Music Career
After playing drums in a variety of swing orchestras, including Lloyd Hunter's Serenaders, and Harlan Leonard's Rockets, he founded his own band in 1945 and had one of the most enduring hits of the big band era, "Harlem Nocturne". His band included Wynonie Harris and Charles Brown. In 1947, he and Bardu Ali opened the Barrelhouse Club in the Watts district of Los Angeles, California. He reduced the size of his band and hired singers Mel Walker, Little Esther Phillips and the Robins (who later became the Coasters). JET Apr 3, 1952. "Johnny Otis, White, Heads "Negro" Blues Band"p 60. He discovered the teenaged Phillips when she won one of the Barrelhouse Club's talent shows. With this band, which toured extensively throughout the United States as the California Rhythm and Blues Caravan, he had a long string of rhythm and blues hits through 1950.
In the late 1940s, he discovered Big Jay McNeely, who then performed on his "Barrelhouse Stomp". He began recording for the Newark, New Jersey-based Savoy label in 1949, and began releasing a stream of records that made the R&B chart, including "Double Crossing Blues", "Mistrustin' Blues" and "Cupid Boogie", which all featured either Little Esther or Mel Walker, or both, and all reached no. 1 on the Billboard R&B chart.
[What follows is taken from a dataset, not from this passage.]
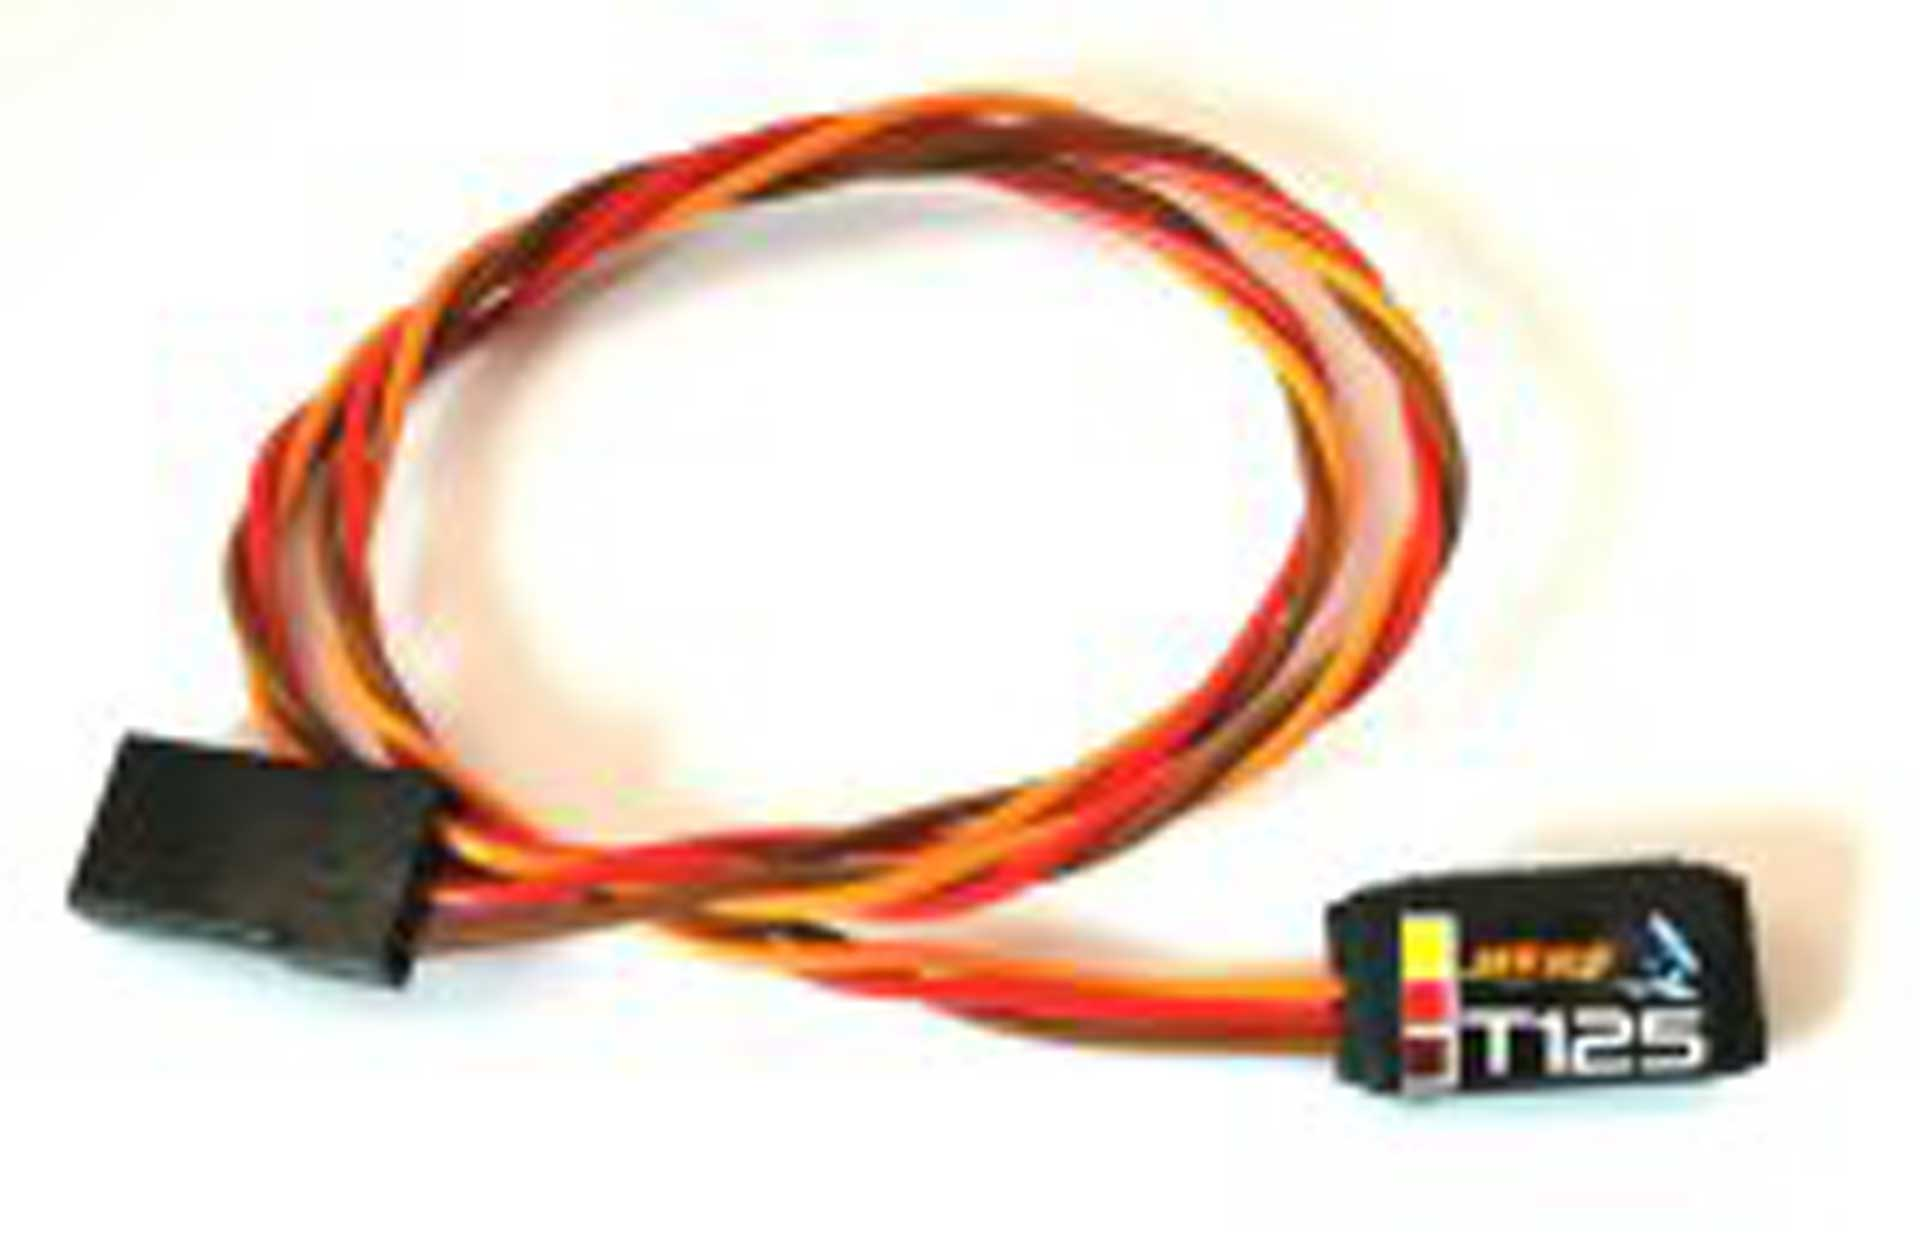 HEPF HT125 Temperatursensor mit Kabel

He also began featuring himself on vibraphone on many of his recordings. Otis produced and played the vibraphone on Johnny Ace's "Pledging My Love", which was no. 1 on the Billboard R and B chart for 10 weeks in 1955.
In January 1951, Otis released "Mambo Boogie," featuring congas, maracas, claves, and mambo saxophone guajeos in a blues progression. According to Vernon Boggs, this was the first R&B mambo
He moved to the Mercury label in 1951, but his chart success began to diminish. However, he discovered Etta James and produced and co-wrote her first hit, "Roll With Me, Henry" (also known as "The Wallflower"). Otis produced, co-wrote, and played drums on the original recording of "Hound Dog" written by Jerry Leiber and Mike Stoller with vocals by Big Mama Thornton, and was given a writing credit on all six of the 1953 releases of the song. He was a successful songwriter; one of his most famous compositions is "Every Beat of My Heart", first recorded by The Royals in 1952 on Federal Records but which became a hit for Gladys Knight and the Pips then just 'Pips' in 1961. He also wrote "So Fine", which was originally recorded by The Sheiks in 1955 on Federal, and in 1959 was a hit for The Fiestas. As an artist and repertory man for King Records he discovered Jackie Wilson, Hank Ballard, and Little Willie John, among others. He also became an influential disc-jockey in Los Angeles.
After starting his own label, Dig, in 1955, he continued to perform and appeared on regular TV shows in Los Angeles from 1957. On the strength of their success, he signed to Capitol Records. Featuring singer Marie Adams, and with his band now being credited as the Johnny Otis Show, he made a comeback, at first in the British charts with "Ma He's Making Eyes At Me" in 1957. In April 1958, he recorded his best-known recording, "Willie and the Hand Jive", a clave-based vamp, which relates to hand and arm motions in time with the music, called the hand jive. This went on to be a hit in the summer of 1958, peaking at no. 9 on the U.S. Pop chart, and becoming Otis' only Top 10 single. The single reached no. 1 on the Billboard R and B chart. The song was covered by Eric Clapton in 1974, and became a staple of his live repertoire. Otis' success with the song was short-lived, and he briefly moved to King Records in 1961, where he backed Johnny "Guitar" Watson on some recordings.
In 1969 he recorded an album of sexually explicit material under the name Snatch and the Poontangs. In 1970 he played at the legendary Monterey Jazz Festival with Little Esther Phillips and Eddie "Cleanhead" Vinson. In the 1980s he had a weekly radio show in Los Angeles, playing R&B music, and also recorded with his son Shuggie Otis, releasing the 1982 album The New Johnny Otis Show.
Otis continued performing through the 1990s and headlined the San Francisco Blues Festival in 1990 and 2000, although because of his many other interests he went through long periods where he did not perform. He was inducted to the Rock and Roll Hall of Fame in 1994 as a nonperformer for his work as a songwriter and producer.